Solution: For sensitive data sharing, prefer a secure method: an encrypted email solution, a secure customer portal, or a sharing platform with access controls.
7. Invalid marketing consent
To send commercial email, the Telecommunications Act (and implicitly the GDPR) requires unambiguous opt-in consent. Pre-ticked checkboxes, consent hidden in terms and conditions or undocumented verbal consent: these are not valid legal bases. A CRM full of email addresses for which no valid consent exists is a time bomb.
8. No procedure for data subject requests
Data subjects have the right to access, rectification, erasure, restriction of processing, portability and objection. Organisations must respond to such requests within one month. Many companies have no procedure for receiving, recording and responding to such requests, with deadlines exceeded or requests simply ignored.
9. Third-country transfers without adequate safeguards
The use of American or other non-EU cloud services (Google Workspace, Microsoft 365, Salesforce, HubSpot, etc.) may constitute a transfer of personal data to third countries. Such transfers are only permitted if there is an adequacy decision, Standard Contractual Clauses (SCCs) have been agreed or other appropriate safeguards are in place. The EU-US Data Privacy Framework (2023) provides some clarity, but the situation requires attention.

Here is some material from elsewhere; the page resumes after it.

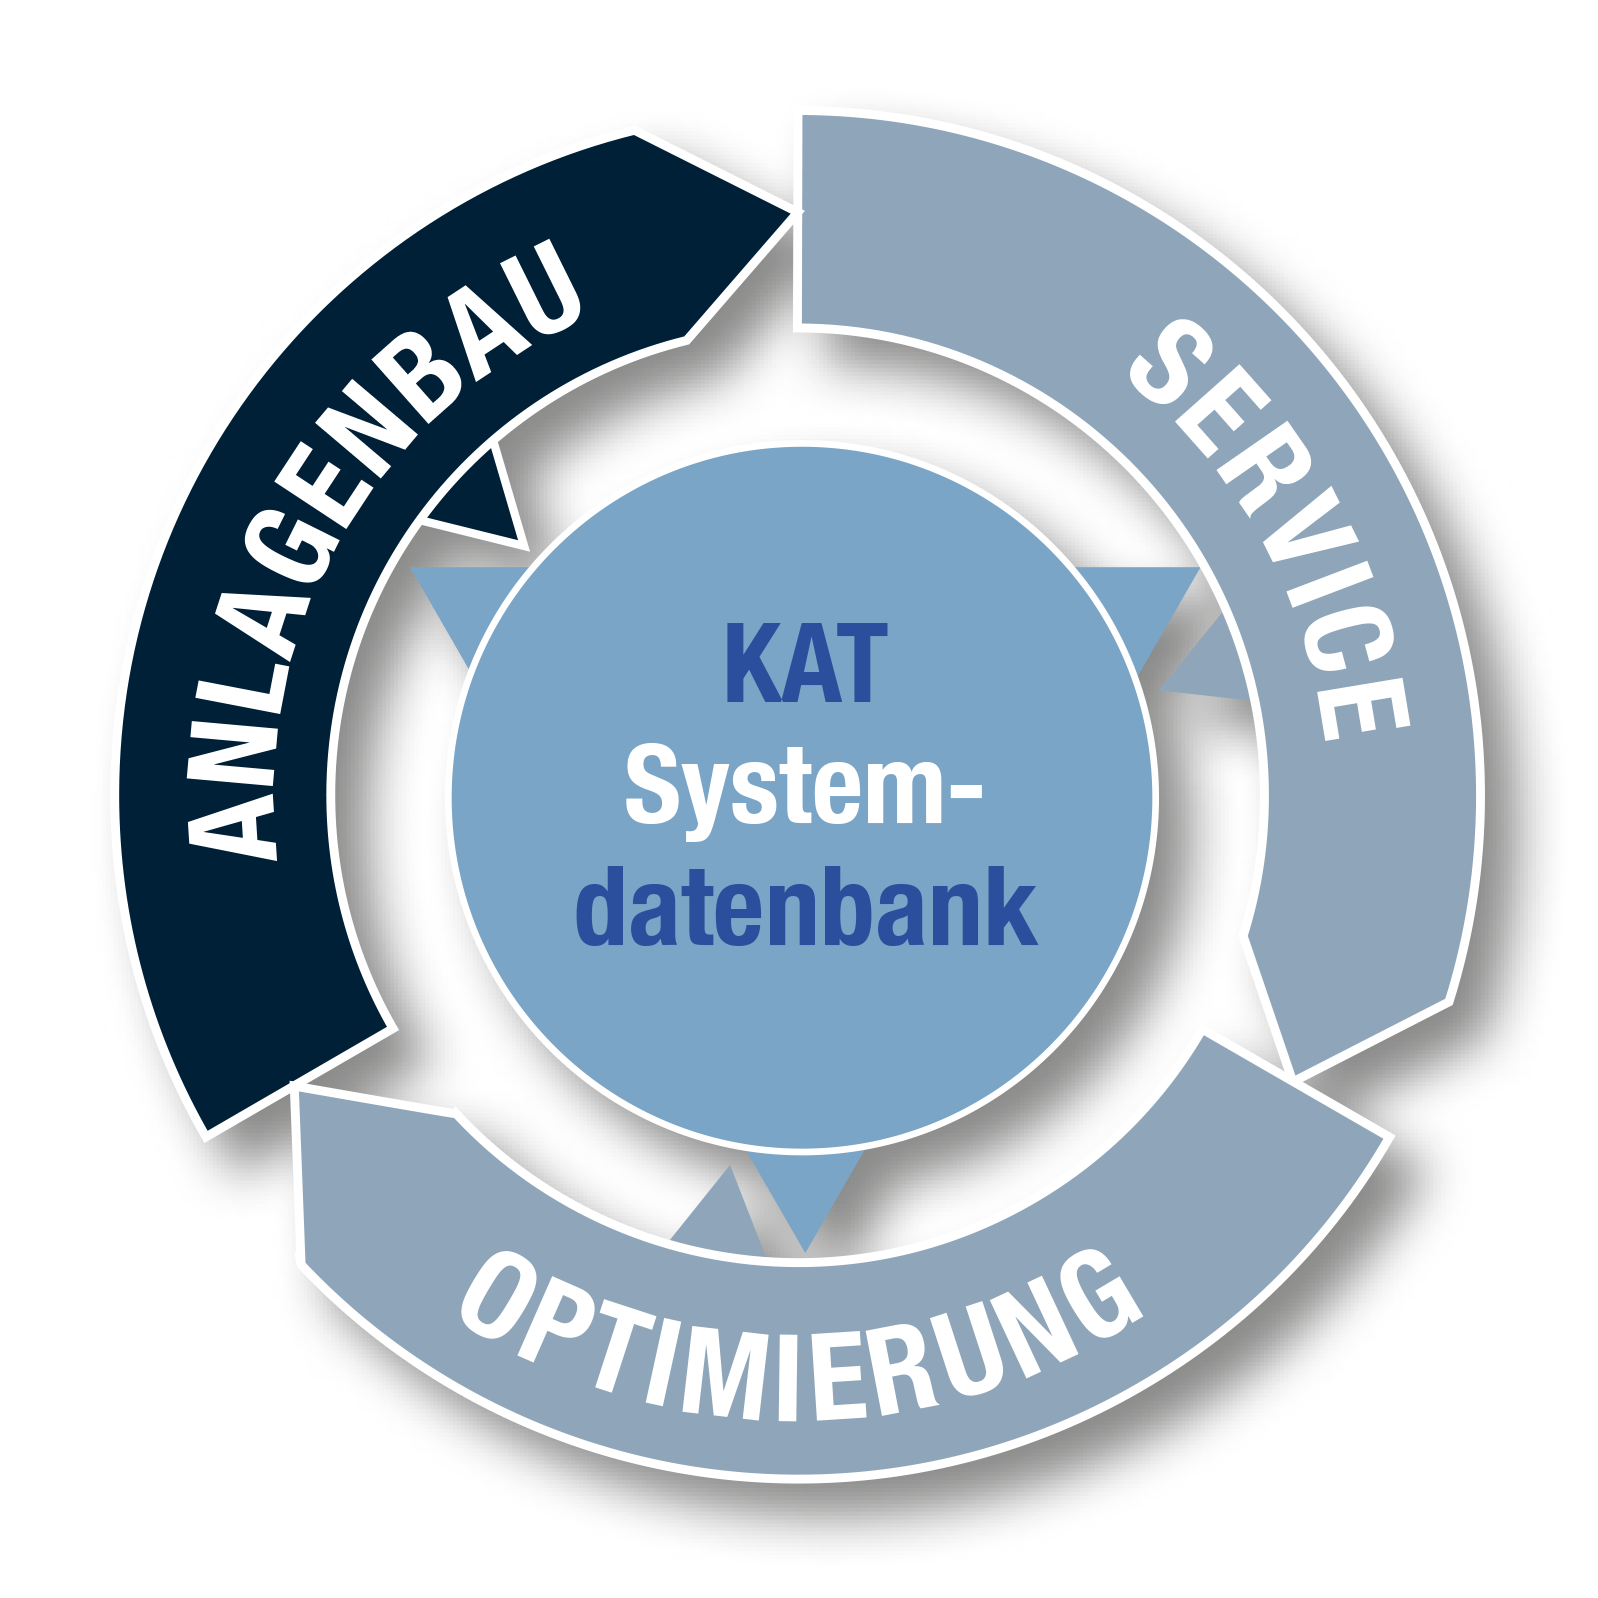 KAT System-datenbank
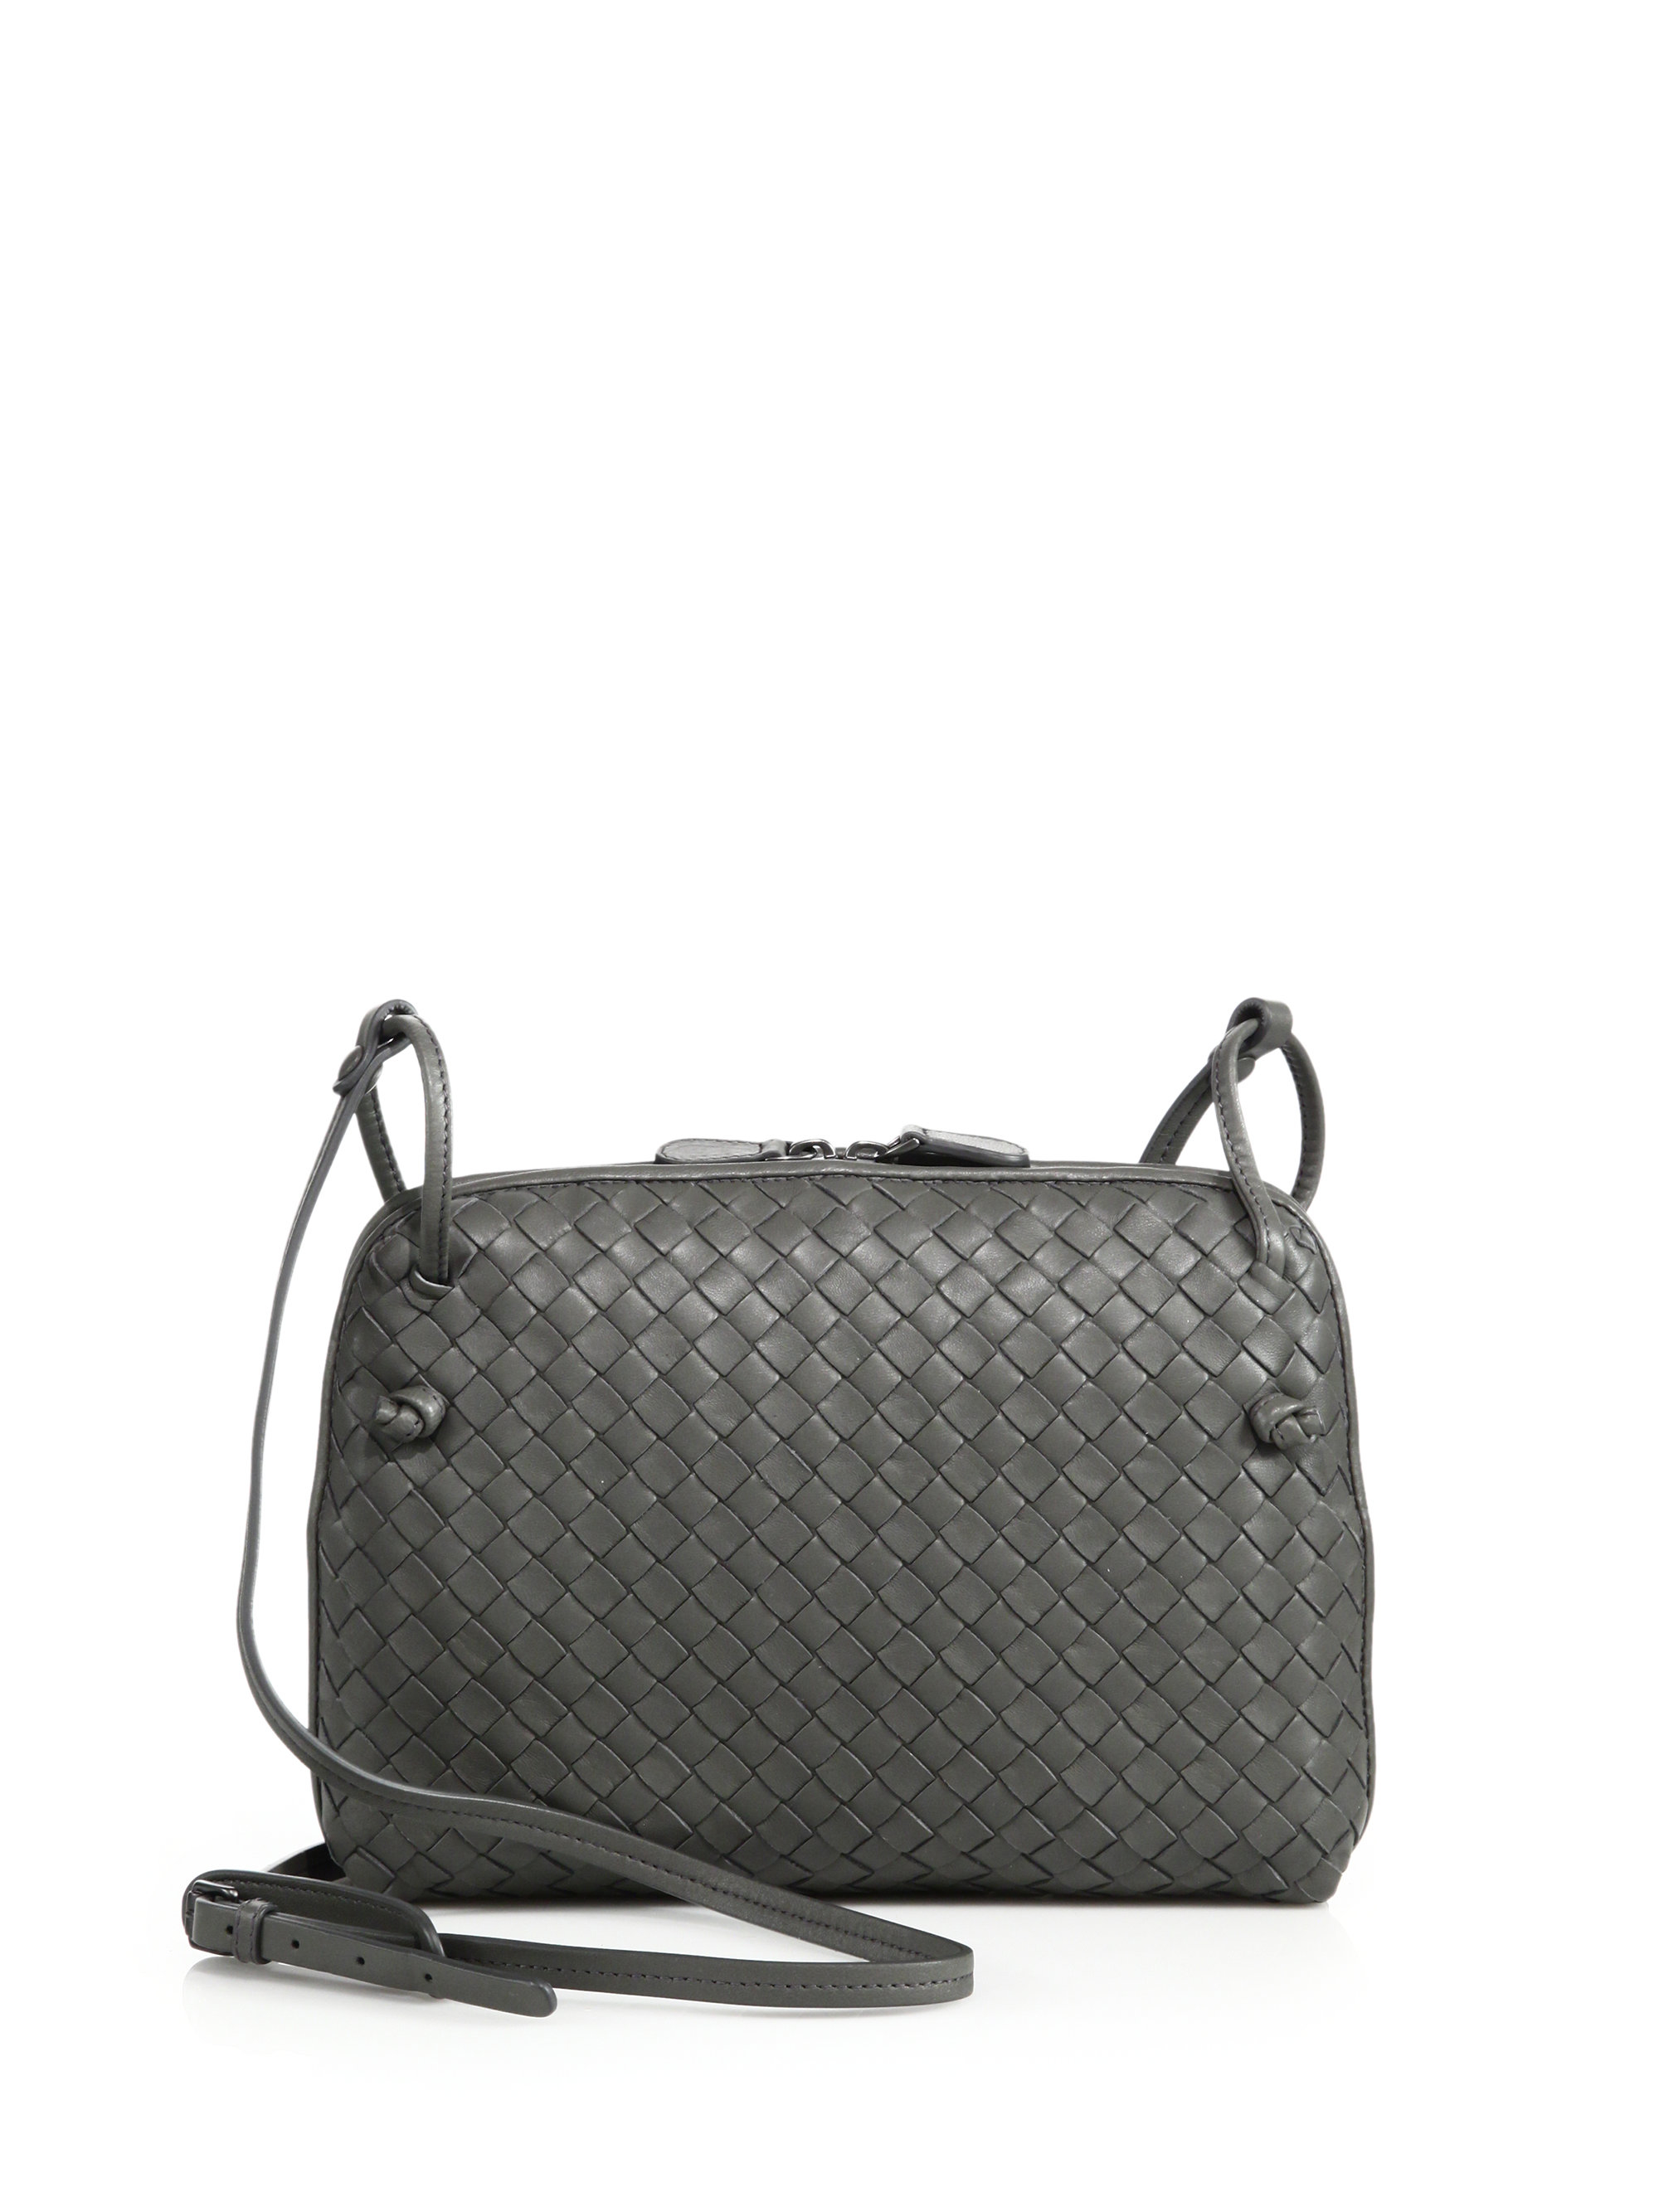 Lyst - Bottega Veneta Small Woven Leather Pillow Bag in Gray

10. Insufficient privacy awareness among employees
Most data breaches do not result from advanced cyberattacks but from human action: a wrongly sent email, responding to a phishing email, losing a laptop or USB stick. Without basic training and periodic awareness campaigns, your privacy policy is just a paper tiger.
Sanctions: how real is the risk for SMEs?
The authority has significantly increased enforcement in 2024, with growing attention to SMEs. Fines for SMEs typically range from €10,000 to €150,000, but can increase to the legal maximums in case of repeated violations or serious breaches: €20 million or 4% of worldwide annual revenue. The reputational damage that comes with a publicly announced GDPR violation can in practice outweigh the fine itself.
Quick wins: Four steps to eliminate the greatest risks
Start with: (1) a processing register—inventory all processing activities and document them; (2) current processor agreements—verify each vendor that processes data; (3) a clear, complete privacy statement on your website; (4) a documented data breach notification process that your team knows and practices annually. With these four steps, you eliminate the greatest risks and establish a solid foundation for further GDPR compliance.